Aphro-Cov, a project to strengthen the diagnosis and management of COVID-19 patients in five Sub-Saharan African countries

As part of the support given by France in response to the Coronavirus crisis, Rémy Rioux, Chief Executive of the French Development Agency (AFD) and Gilles Bloch, Chairman and Chief Executive Officer of Inserm announced in March the launch of a joint initiative to improve the health surveillance and management of suspected cases of COVID-19 in five African countries (Burkina Faso, Gabon, Ivory Coast, Mali, Senegal).
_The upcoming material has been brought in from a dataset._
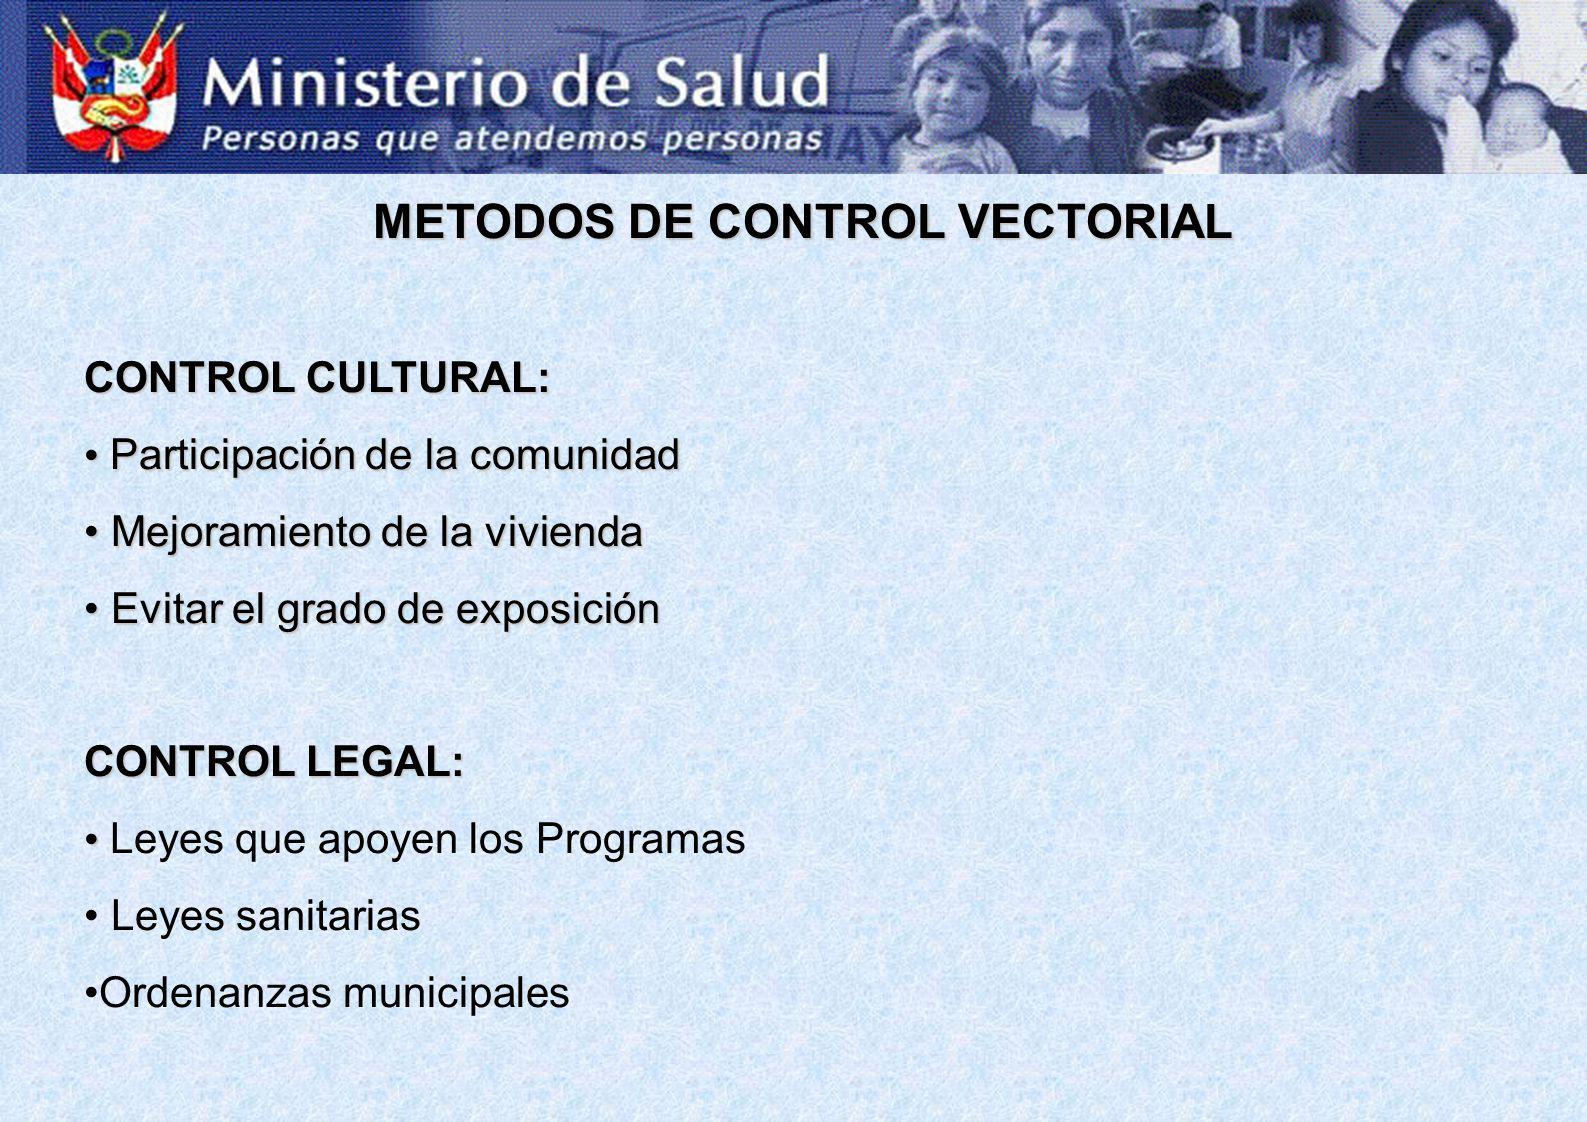 METODOS DE CONTROL VECTORIAL CONTROL CULTURAL: Participación de la comunidad Participación de la comunidad Mejoramiento de la vivienda Mejoramiento de

Called Aphro-Cov, this program steered by REACTing is focused on the laboratories, early warning system, clinical departments, and – by means of raised awareness and reinforced communication – the population as a whole.

Because research is needed more than ever to protect the health of everyone and to address the challenges posed by this new pandemic, Inserm has set up a platform for donations and is calling on public generosity. The funds collected will be used to sustain and complete these different research projects.

 

To make a donation and support the work of our researchers: https://don.inserm.fr/donner

Inserm in the fight against fake news

Fighting fake news and publishing clear and high-quality scientific information are key concerns for Inserm. This is particularly the case with the COVID-19 pandemic, given the various rumors and scientifically unfounded information circulating on social media and other platforms. To counteract this and give the public the most accurate information possible, Inserm has, since January 2020:

  • Aired an episode on its Canal détox channel discussing the false information most often encountered.
  • Published information bulletins with the most important news regarding the Institute and international research, and which also takes a look at a number of fake news online.
  • Each week, the REACTing consortium prepares a thorough review of the scientific literature concerning SARS-CoV-2 and COVID-19. The group provides a summary of high-quality scientific publications for those wishing to follow the scientific research more closely.